A critical question is how to measure the success of renewable technologies. We propose two such measures. One is their performance relative to projections for their contribution to meeting electricity demand. A second is their performance relative to projections of cost. Regarding the first, renewable technologies seem to have failed in general, at least in terms of their contribution to grid-connected electricity generation, with perhaps a couple of exceptions (notably biomass).43 With respect to the second measure, renewables seem to be a success. The development of renewable technologies obviously has not occurred while the world otherwise stood still. In fact, over the time horizon we evaluated, dramatic changes have characterized energy markets in general. The ultimate impacts of these changes have been mostly favorable for electricity consumers; they have also been frustratingly disappointing for the fate of renewable technologies. The price of generation from conventional technologies has fallen precipitously, largely due to changes in fuel markets. This has raised the hurdle over which renewable technologies must pass in order to penetrate the electricity market in a significant way.

We view the confluence of changes in energy markets as an indication of the success of an array of changes in public policy, including, in particular, regulatory reform and deregulation of key energy markets and related industries such as railroads. Ironically, the perceived failure of renewable technologies to contribute importantly to electricity generation today is to a significant degree attributable to these successes.

This does not imply that public-sector support for renewable technologies has been misplaced. Public-sector financial incentives for renewable technologies (as well as other energy technologies) can be viewed as a precaution against rising energy prices, vulnerability to disruptions of foreign energy supply, and environmental concerns. After all, fire insurance is not judged as successful from the perspective of whether or not a person’s house actually burns down.
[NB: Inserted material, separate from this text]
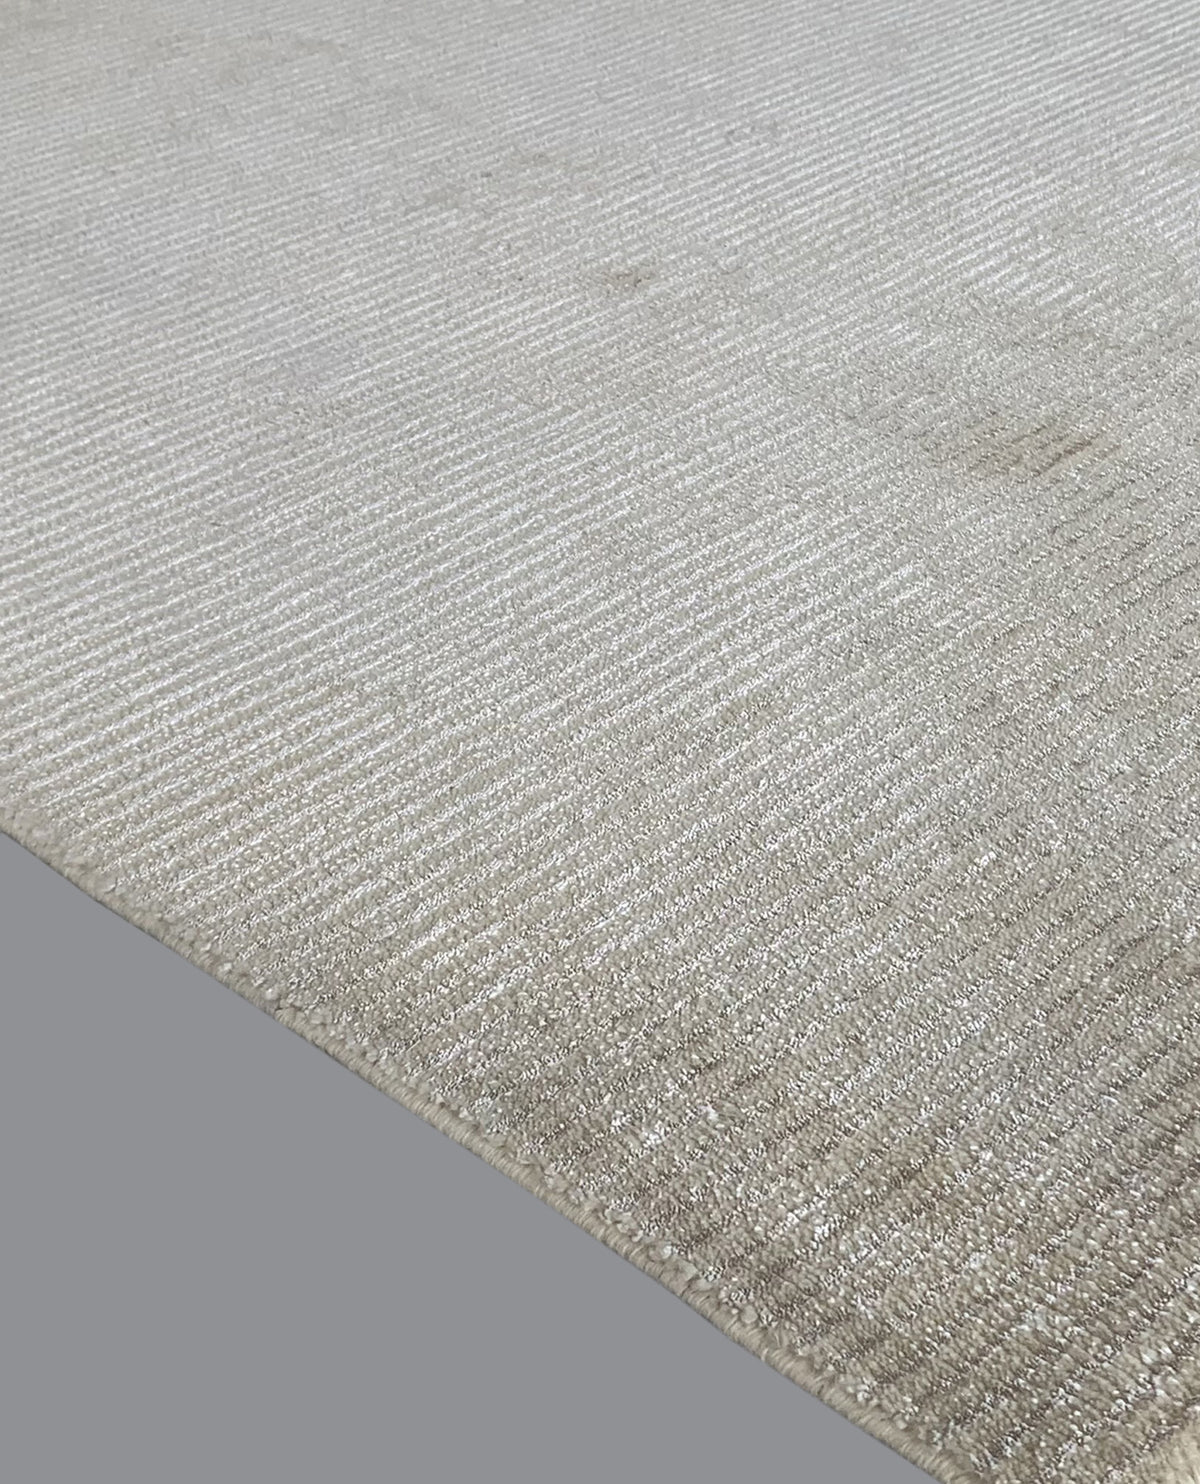 Rugslane Plain White Carpet 4ft X 6ft

Similarly, the success of public-sector support for renewable technologies should not be viewed from the perspective of largely unrelated outcomes.
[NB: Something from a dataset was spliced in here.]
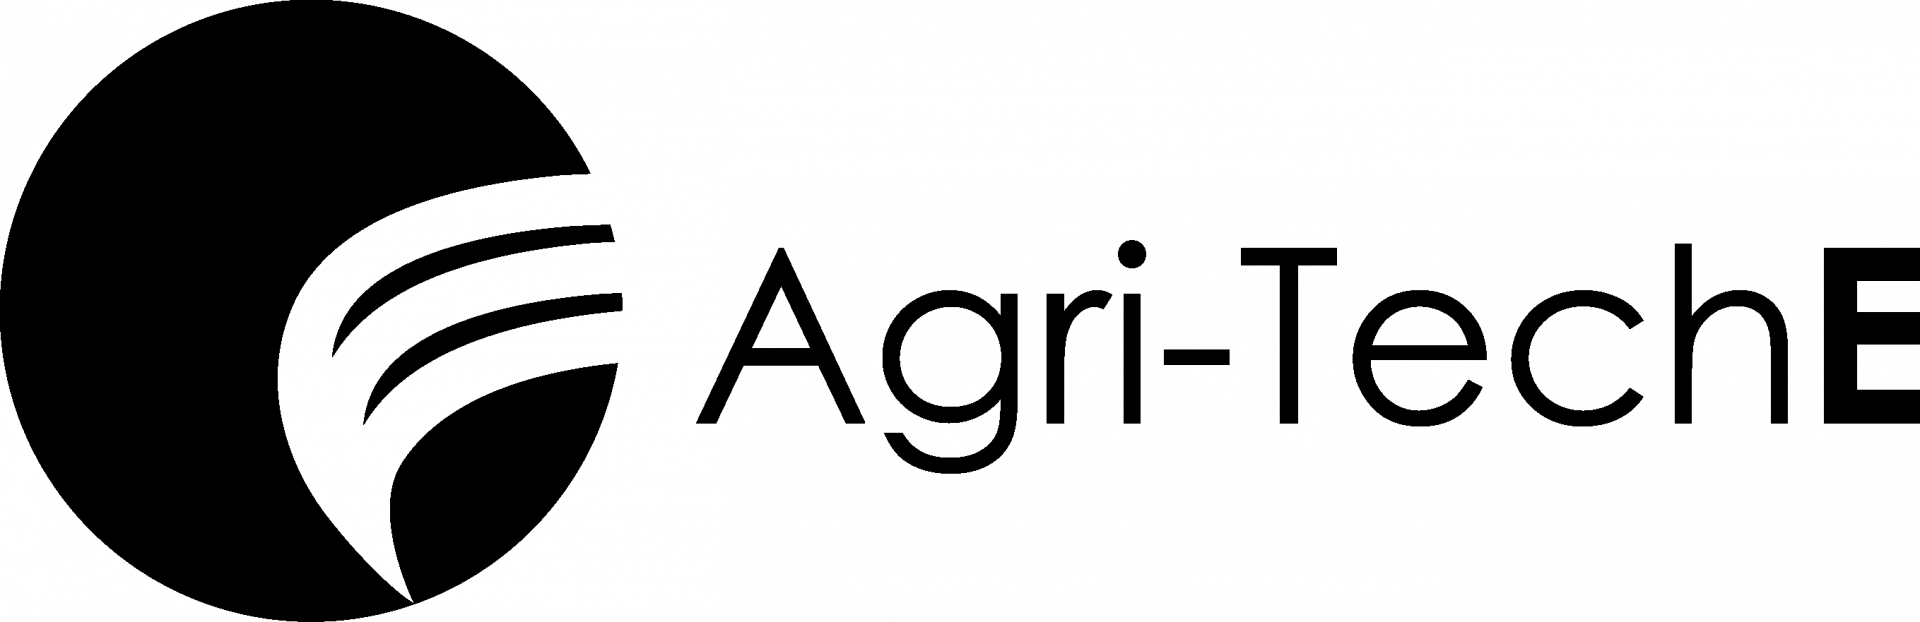 Agri-Tech E logo

The most important measure of success would seem to us to be the cost of electricity generated from renewable technologies compared with the expectations that served as the justification for public-sector support. According to this measure, renewable technologies have met the goals set for them, and could be considered an important component of an ongoing movement toward sound energy policy. Whether the level of support has been adequate or should continue we leave to other investigators.